Prompt: Restate the data word for word and leave the images out.

Data shown:

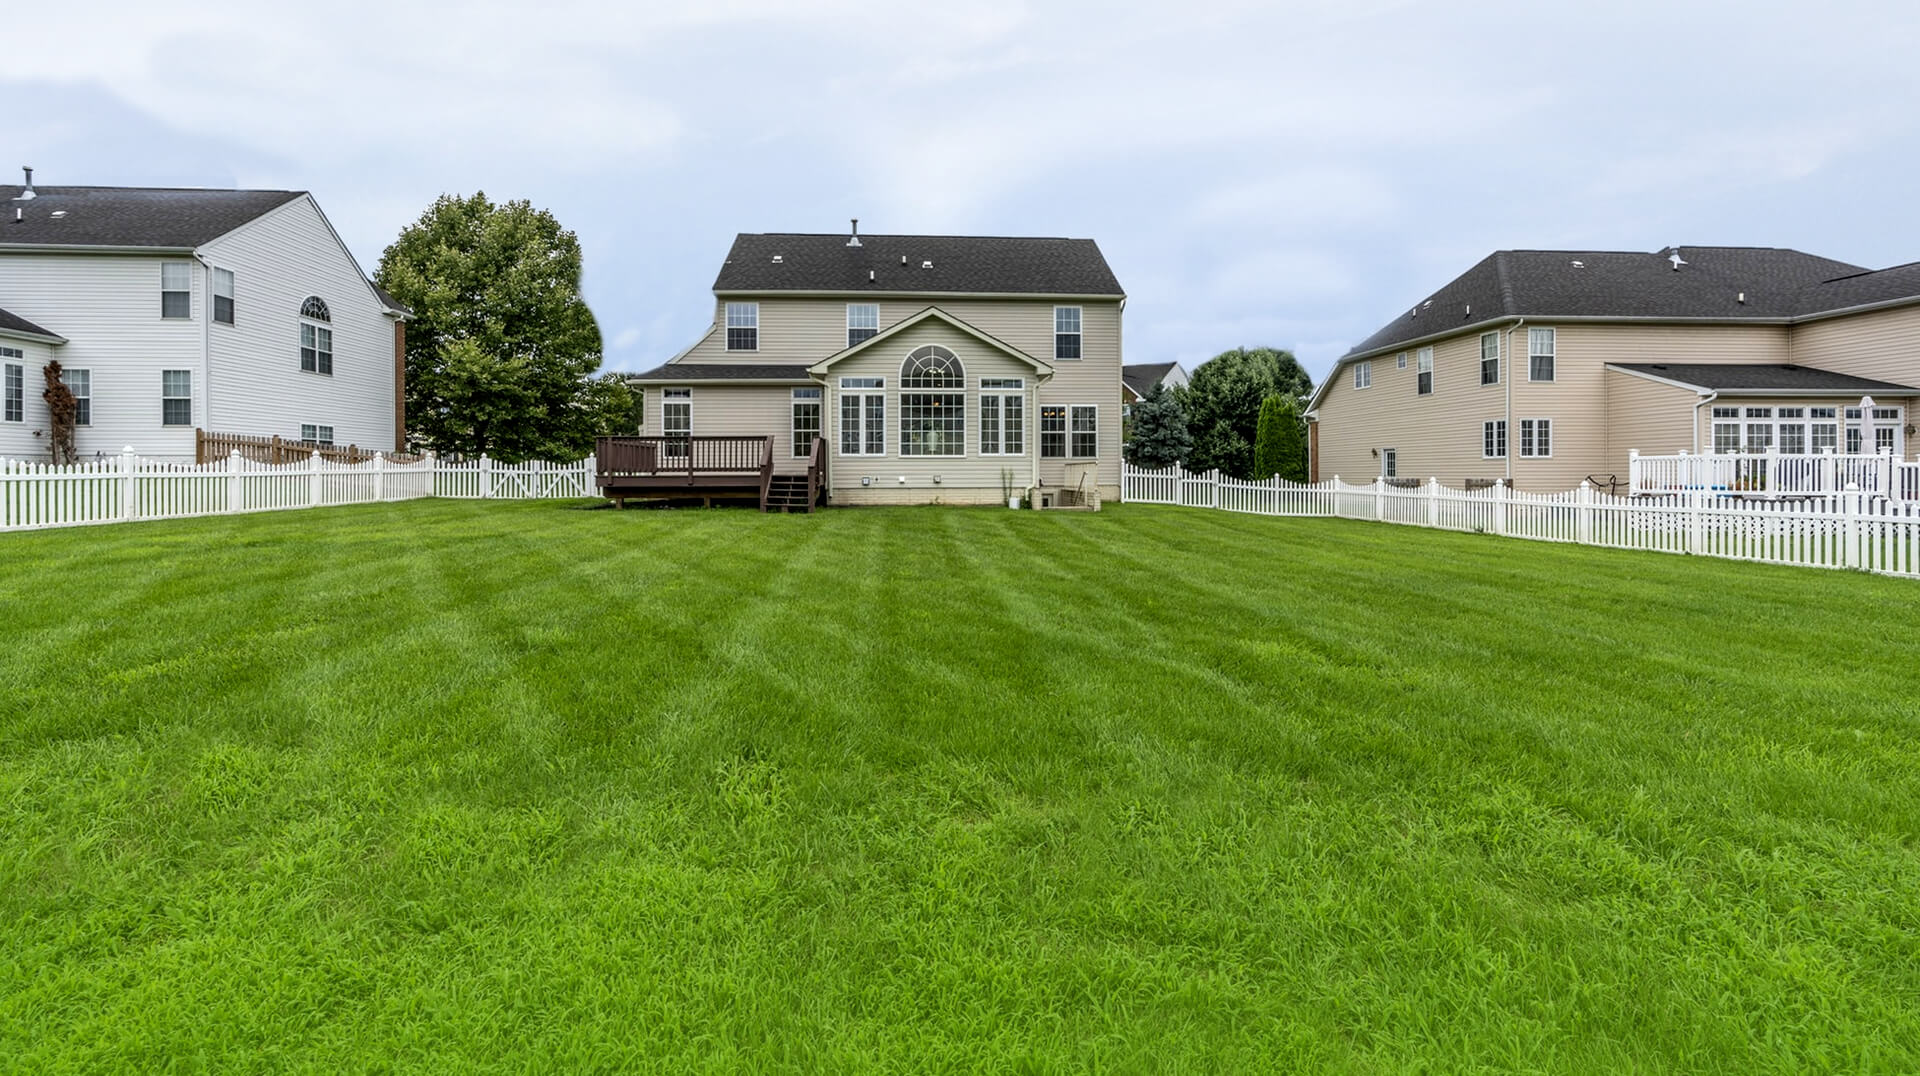 House with beautiful lawn
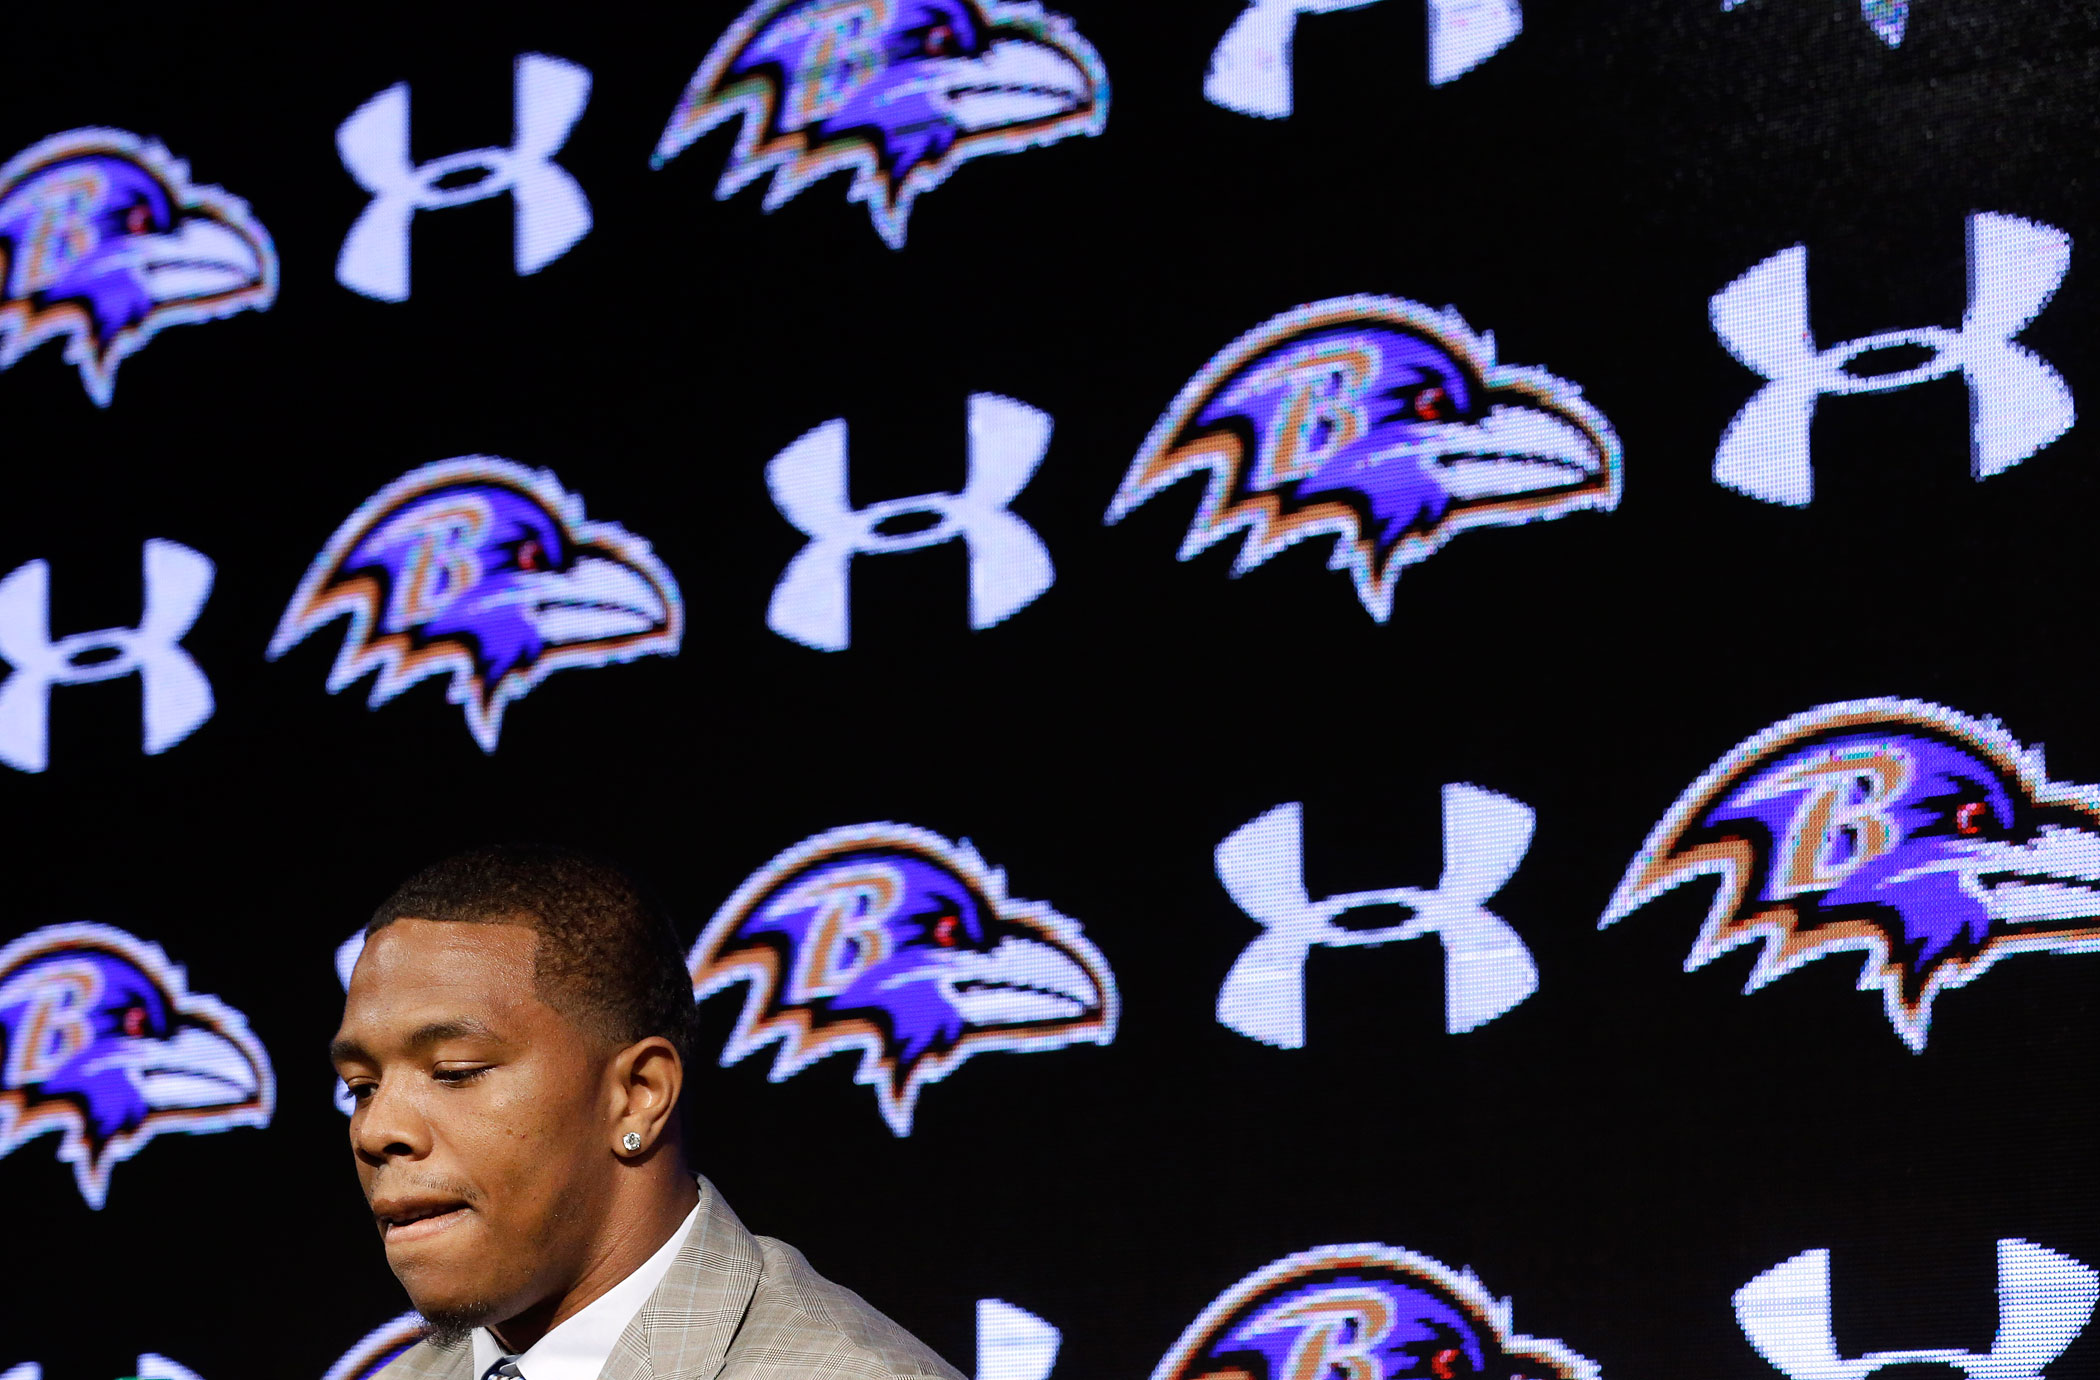 Baltimore Ravens running back Ray Rice pauses as he speaks during an NFL football news conference, Friday, May 23, 2014, in Owings Mills, Md. (Patrick Semansky—AP)
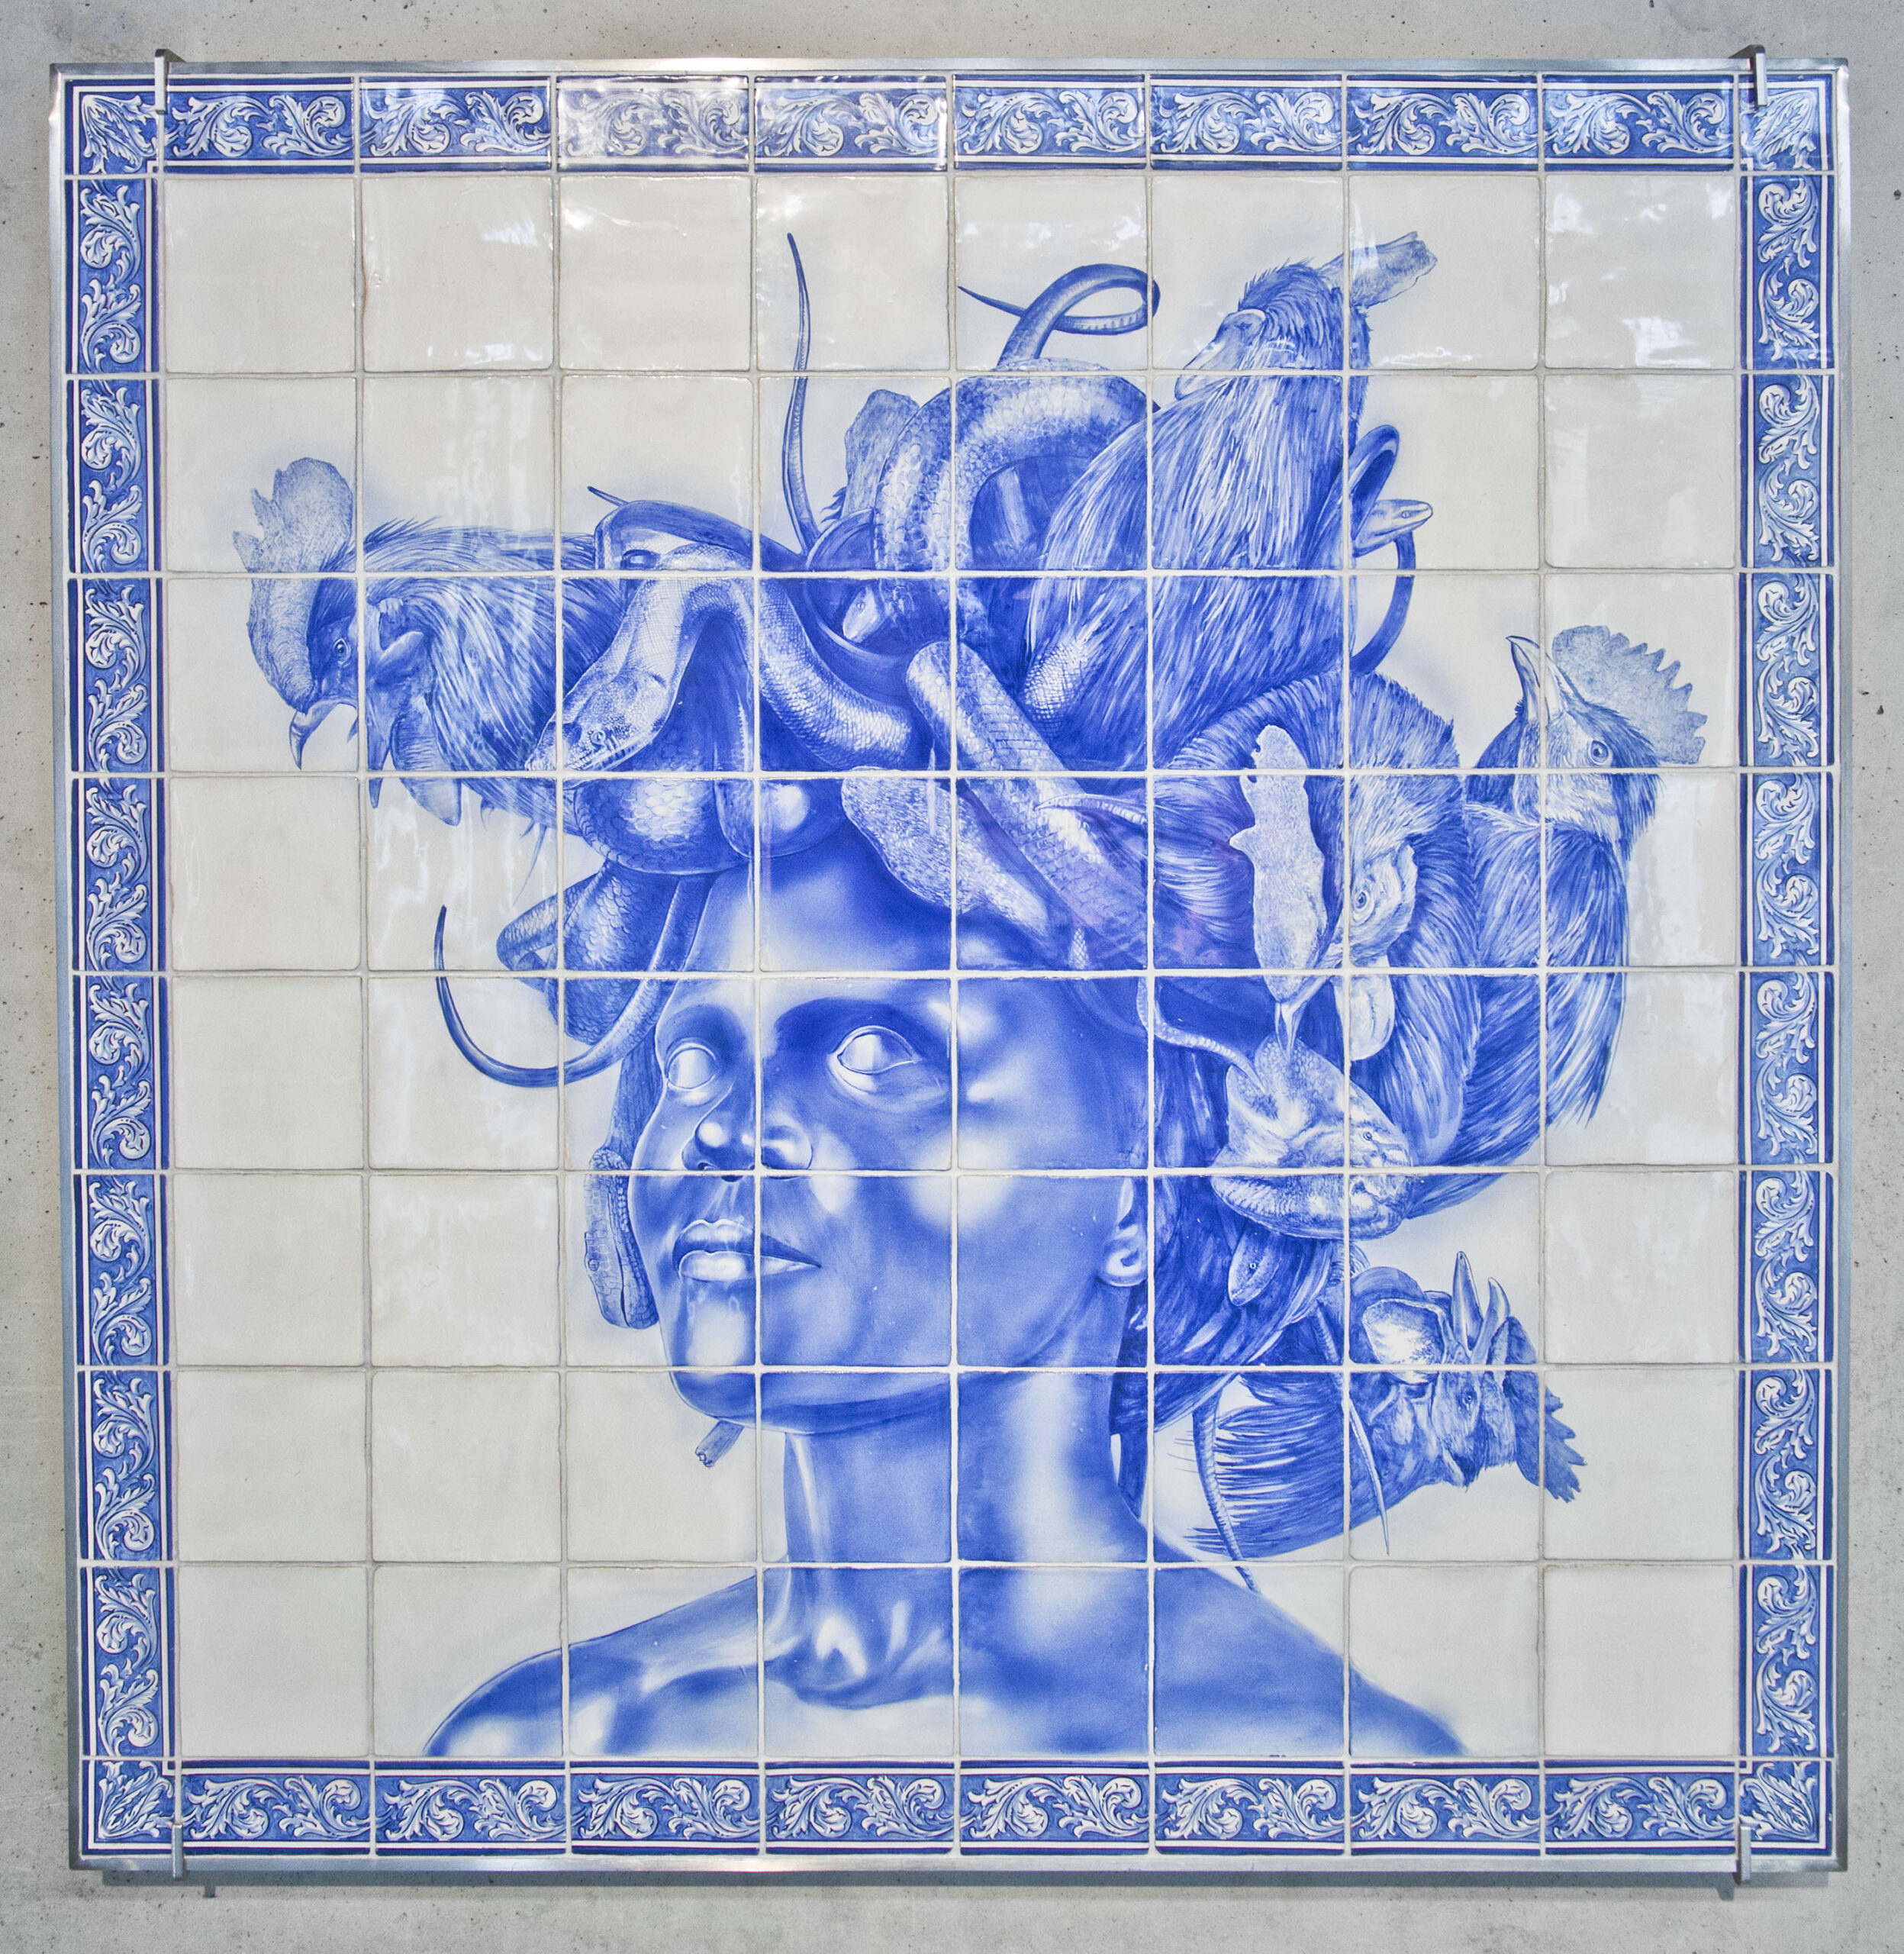 A grid of cobalt blue and white tiles display a painted image of the historic figure Medusa with both snakes and chickens as hair. Her eyes are blank without pupils and stare beyond the edge of the grid.

Written response:
 House with beautiful lawn
 Baltimore Ravens running back Ray Rice pauses as he speaks during an NFL football news conference, Friday, May 23, 2014, in Owings Mills, Md. (Patrick Semansky—AP)
 A grid of cobalt blue and white tiles display a painted image of the historic figure Medusa with both snakes and chickens as hair. Her eyes are blank without pupils and stare beyond the edge of the grid.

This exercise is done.